バングラデシュにおける治安情勢を要因別に考察すると、「政治的要因」「宗教・思想的要因」及び「社会的要因」に大別されます。これら3つの要因を背景とする事案は、その主体や客体、事案の規模、武器の種類、社会的な影響等が大きく異なっています。

2.治安情勢の要因別考察

( 1 )  政治的要因を背景とする事案

 バングラデシュでは、現政権党のアワミ連盟と最大野党のBNP ( バングラデシュ民族主義党)の二大政党間における政治的対立が長らく続いていましたが、この政治的対立の主要因は与野党党首間の反目によるものと言われております。現在は実施されていないものの、過去にはその時々の野党政党は、政権党の早期退陣を目的としてハルタル(ゼネスト)を頻繁に繰り返しており、ハルタル時には交通機関が麻痺し、商店も臨時休業するなど、市民の社会生活に大きな影響を与えていました。また、時として、野党の学生組織や臨時に雇われた若者等を含むデモ隊が商店や公共交通機関に対して放火や投石を行うなど過激な行動に出ることもあり、その結果治安部隊との衝突により多くの負傷者が出ていました。 

 現在でも、対立する政党支持者間での暴力事件や、政党の学生支部が引き起こすデモなどは度々発生しており市民生活に影響を与えています。また過去には議員や政治活動家の暗殺や騒擾を狙ったと思われる事件の発生もありましたが、治安機関の捜査能力や裁判の公平・透明性など多くの問題を抱えている現状では、事件の全容解明は困難な状況にあります。

 ( 2 )  宗教的・思想的要因を背景とする事案

バングラデシュには、武力革命によるイスラム革命を信奉するイスラム原理主義思想の強い武装グループが大小合わせて十数組織存在していると言われています。 2004年、2005年には、これらイスラム過激派組織が関与したとされる事件が多発し、主要事件としては、ハルカトゥル・ジハード・イスラミ・バングラデシュ( HuJI-B: Harqat-ul-Jihad-al-Islami-B ) による爆弾を使用した英国大使殺人未遂、ジャマトゥル・ムジャヒディン・バングラデシュ ( JMB ) による全土における同時多発爆弾事件などの爆弾を使用したテロ事件が頻発しました。

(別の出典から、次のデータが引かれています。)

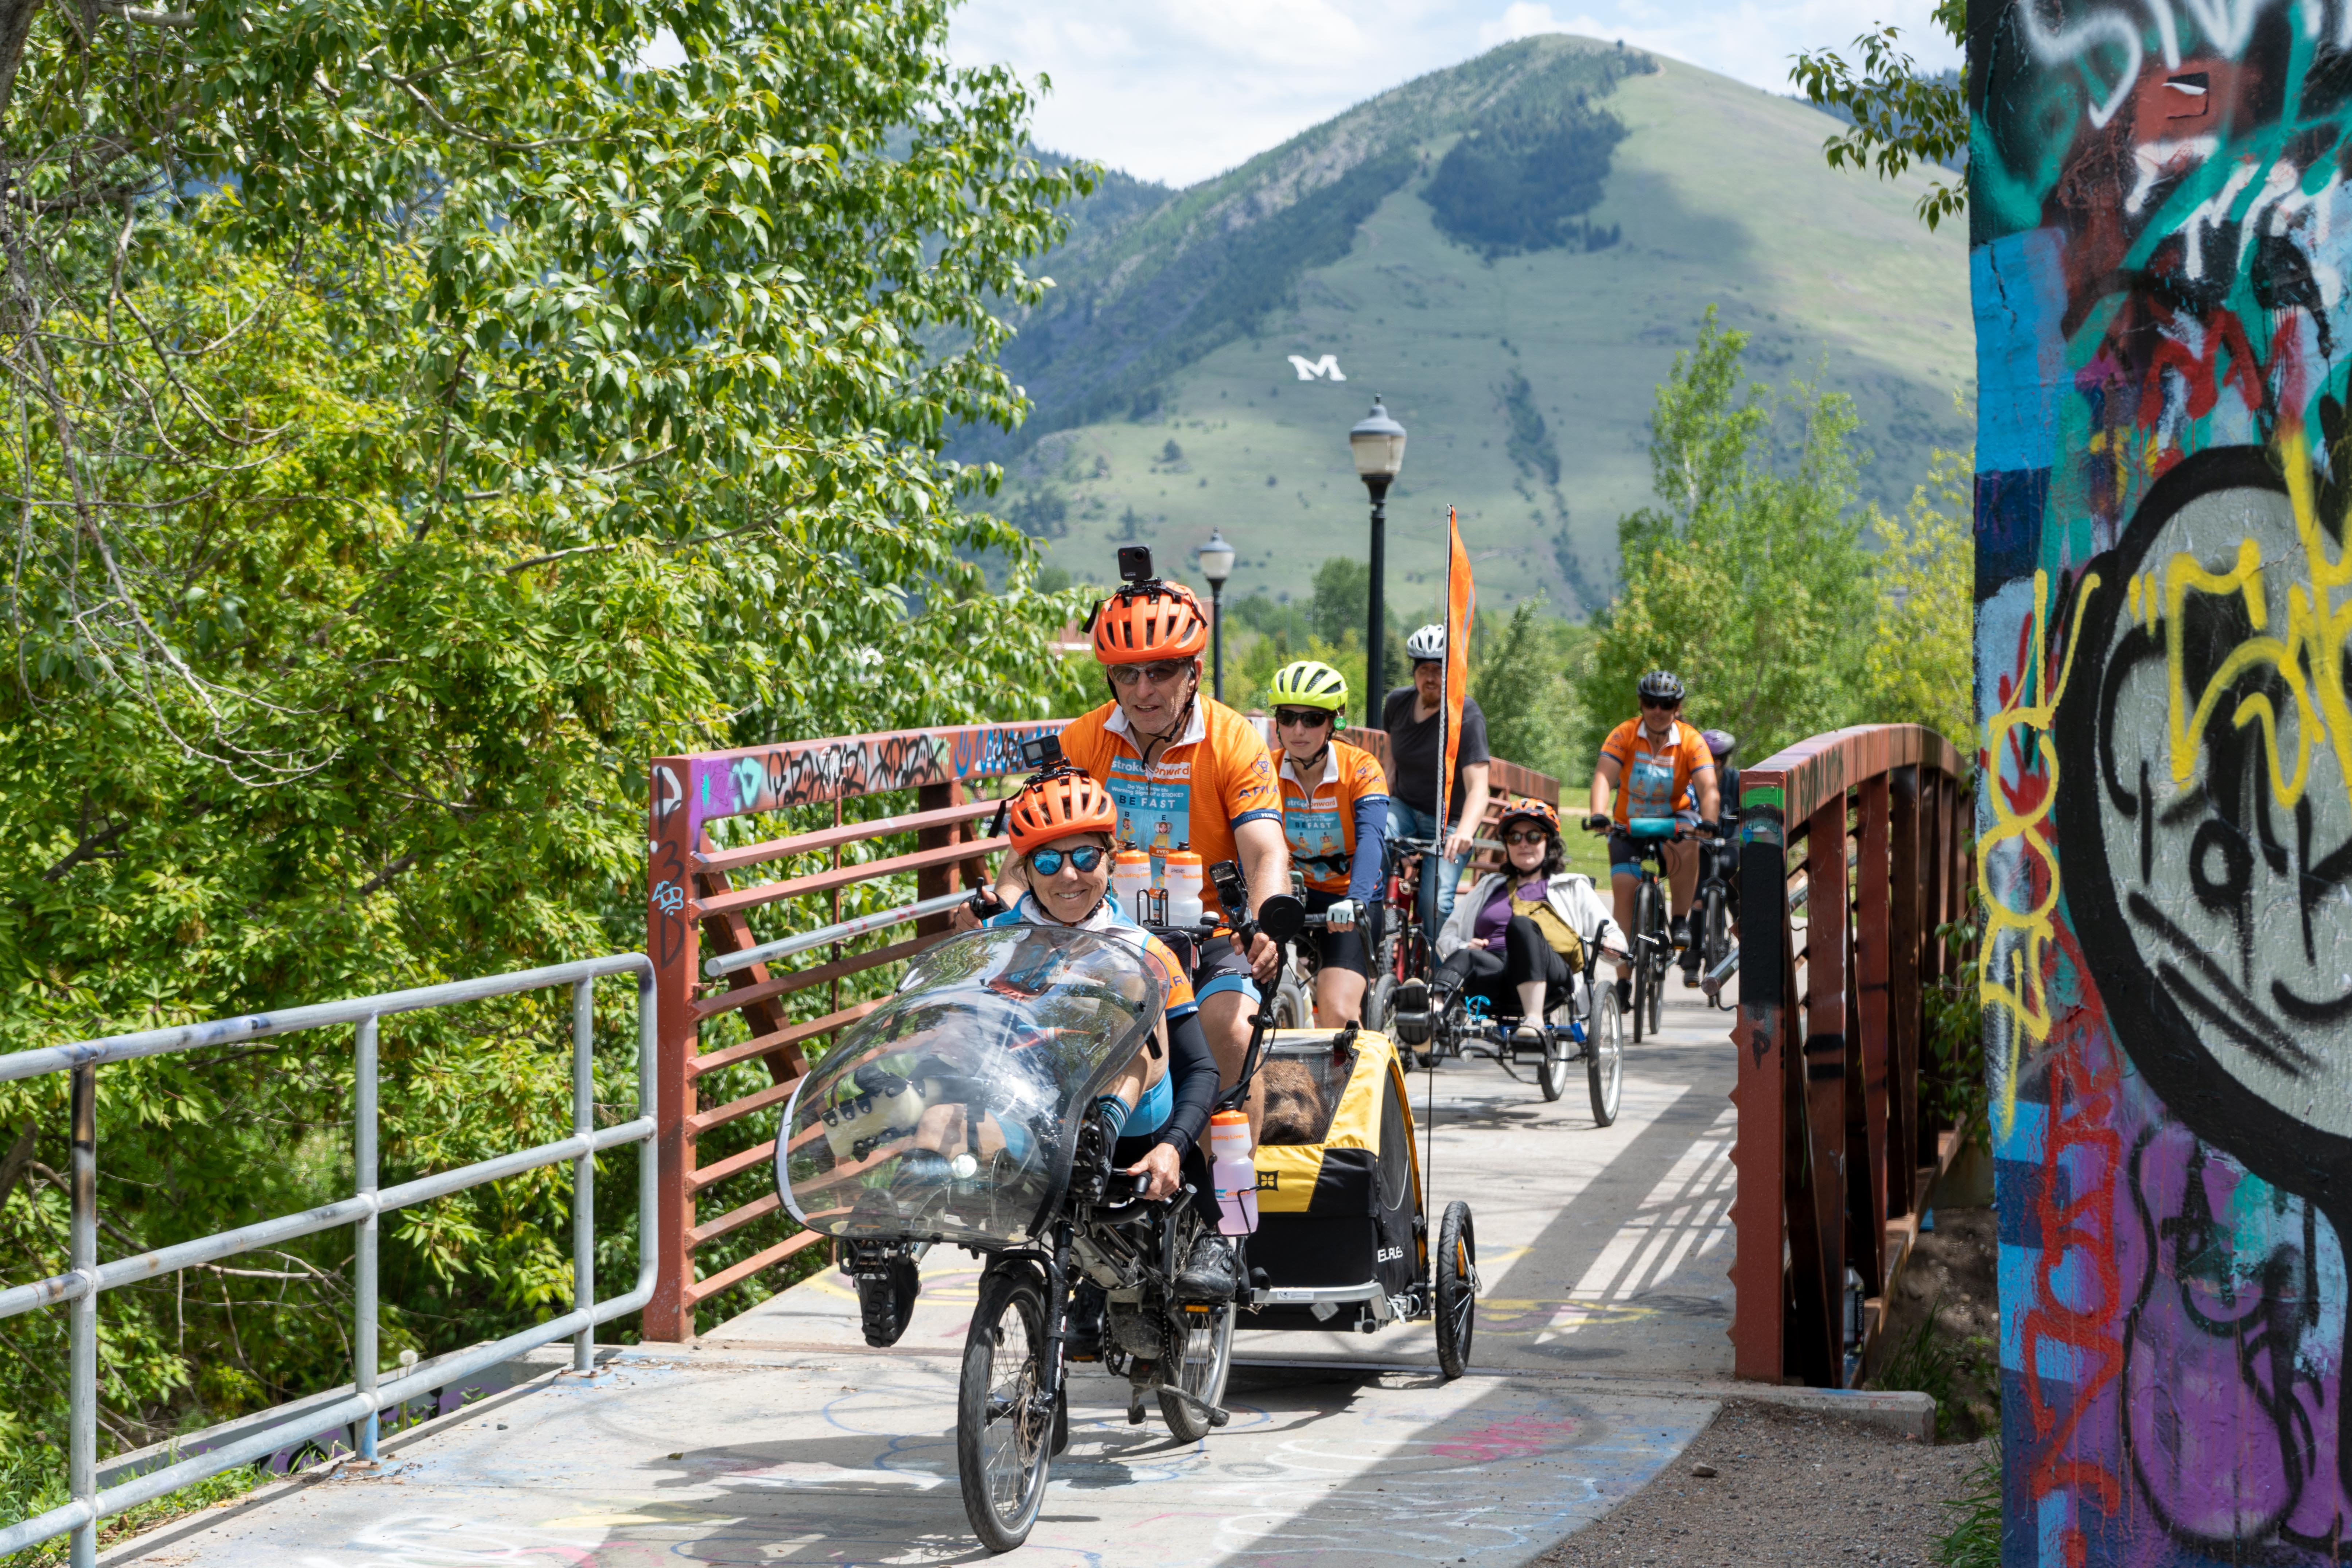 Debra Meyerson and Steve Zuckerman arrive with a group of cyclists in Missoula, Montana.

 近年発生した爆弾事件を検証すると、特徴として、第一にHuJI-B、JMBなどによる爆弾事件の発生にみられる「イスラム過激派組織の台頭」、第二に全土を対象とした爆弾事件やバングラデシュ初の自爆テロの発生にみられる「テロ攻撃の性質の変化」、第三に一般市民が集う映画館、演芸会場、聖廟等いわゆるソフトターゲットを標的とした爆弾事件の発生にみられる「テロ攻撃の対象の変化」が挙げられます。

 政府も、イスラム過激派組織の台頭に対し、強い取締り意欲を見せ、 HuJI-Bの幹部を逮捕し、死刑判決を下したり、JMBのリーダーに対しては死刑が執行されました。この他にも取締や監視の強化を継続的に行っており、度々構成員の逮捕や爆発物の押収などが報じられています。

 2008年中には大きなテロ事件発生しませんでしたが、国内にはイスラム原理過激主義テロ組織の他、共産主義のテロ組織も存在しており、中には国際的なテロ組織とのつながりを指摘されているものもあることから、今後とも注意を要します。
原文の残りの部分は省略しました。